As an illustration, a causal mask only allows words to attend to people who got here before it.
Engineers also use positional encodings to assist the model understand the placement of every word in a sentence, improving performance.
The MIT researchers built a graph-based theoretical framework to explore how these modeling decisions, attention masks and positional encodings, could affect position bias.
“All the things is coupled and tangled inside the attention mechanism, so it is vitally hard to check. Graphs are a versatile language to explain the dependent relationship amongst words inside the attention mechanism and trace them across multiple layers,” Wu says.
Their theoretical evaluation suggested that causal masking gives the model an inherent bias toward the start of an input, even when that bias doesn’t exist in the information.
If the sooner words are relatively unimportant for a sentence’s meaning, causal masking could cause the transformer to pay more attention to its starting anyway.
“While it is usually true that earlier words and later words in a sentence are more necessary, if an LLM is used on a task that shouldn’t be natural language generation, like rating or information retrieval, these biases might be extremely harmful,” Wu says.
As a model grows, with additional layers of attention mechanism, this bias is amplified because earlier parts of the input are used more incessantly within the model’s reasoning process.
In addition they found that using positional encodings to link words more strongly to nearby words can mitigate position bias. The technique refocuses the model’s attention in the appropriate place, but its effect might be diluted in models with more attention layers.
And these design decisions are just one explanation for position bias — some can come from training data the model uses to learn the best way to prioritize words in a sequence.
“In the event you know your data are biased in a certain way, then you need to also finetune your model on top of adjusting your modeling decisions,” Wu says.
Lost in the center
After they’d established a theoretical framework, the researchers performed experiments by which they systematically varied the position of the right answer in text sequences for an information retrieval task.
The experiments showed a “lost-in-the-middle” phenomenon, where retrieval accuracy followed a U-shaped pattern. Models performed best if the appropriate answer was situated initially of the sequence. Performance declined the closer it got to the center before rebounding a bit if the right answer was near the top.

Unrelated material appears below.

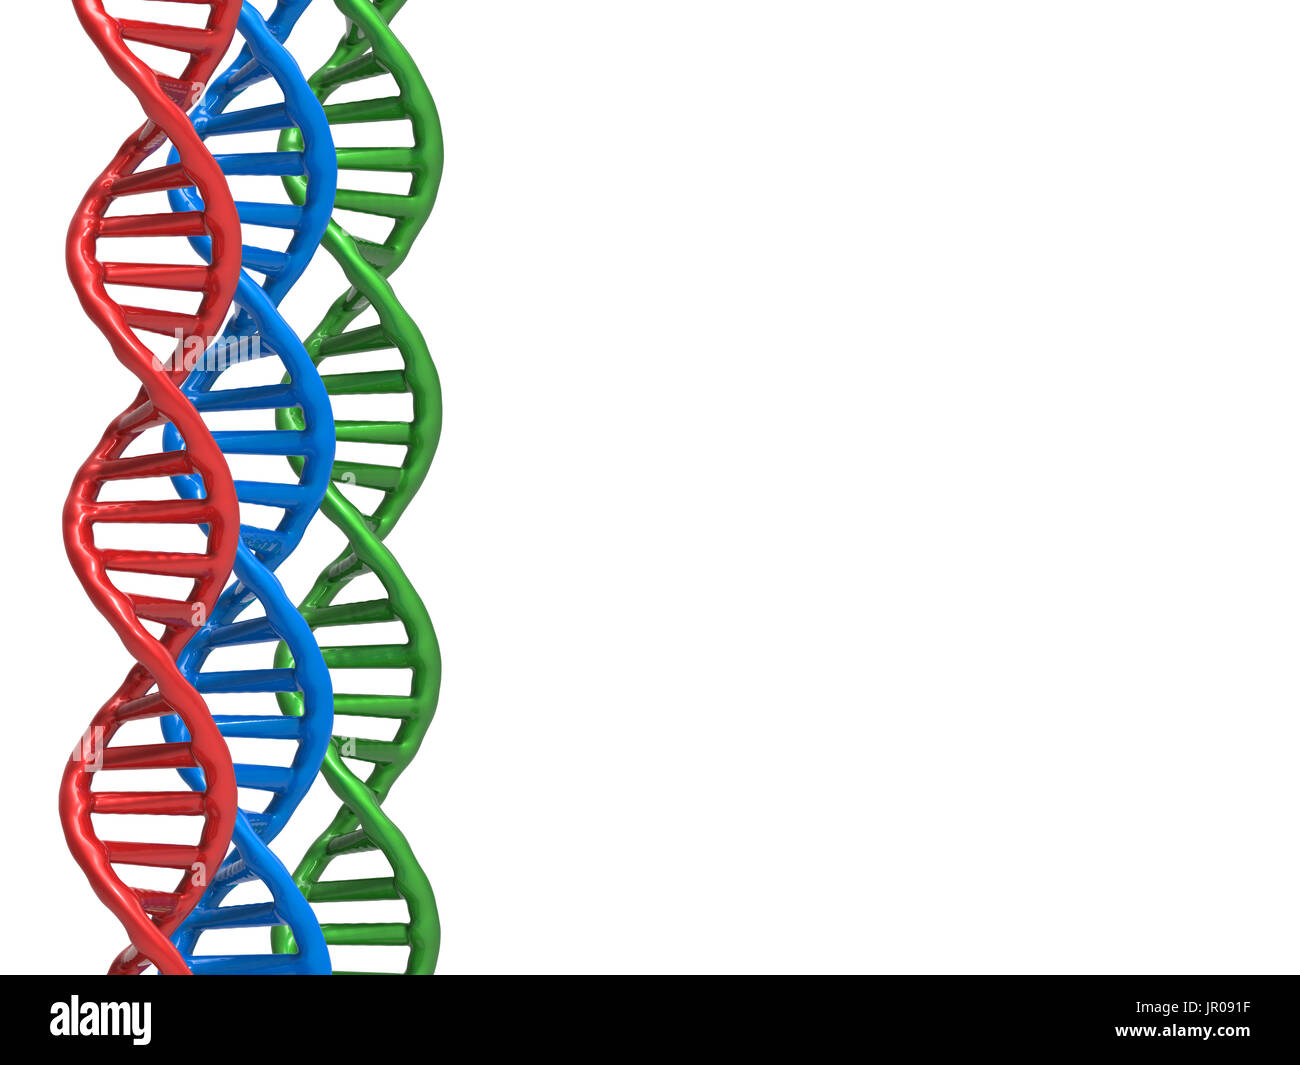 Il rendering 3d la struttura del DNA o DNA Helix su sfondo bianco Foto Stock

Ultimately, their work suggests that using a unique masking technique, removing extra layers from the eye mechanism, or strategically employing positional encodings could reduce position bias and improve a model’s accuracy.
“By doing a mix of theory and experiments, we were able to have a look at the results of model design decisions that weren’t clear on the time. If you should use a model in high-stakes applications, it’s essential to know when it should work, when it won’t, and why,” Jadbabaie says.
In the long run, the researchers need to further explore the consequences of positional encodings and study how position bias might be strategically exploited in certain applications.
“These researchers offer a rare theoretical lens into the eye mechanism at the guts of the transformer model. They supply a compelling evaluation that clarifies longstanding quirks in transformer behavior, showing that spotlight mechanisms, especially with causal masks, inherently bias models toward the start of sequences. The paper achieves the most effective of each worlds — mathematical clarity paired with insights that reach into the center of real-world systems,” says Amin Saberi, professor and director of the Stanford University Center for Computational Market Design, who was not involved with this work.
This research is supported, partially, by the U.S. Office of Naval Research, the National Science Foundation, and an Alexander von Humboldt Professorship.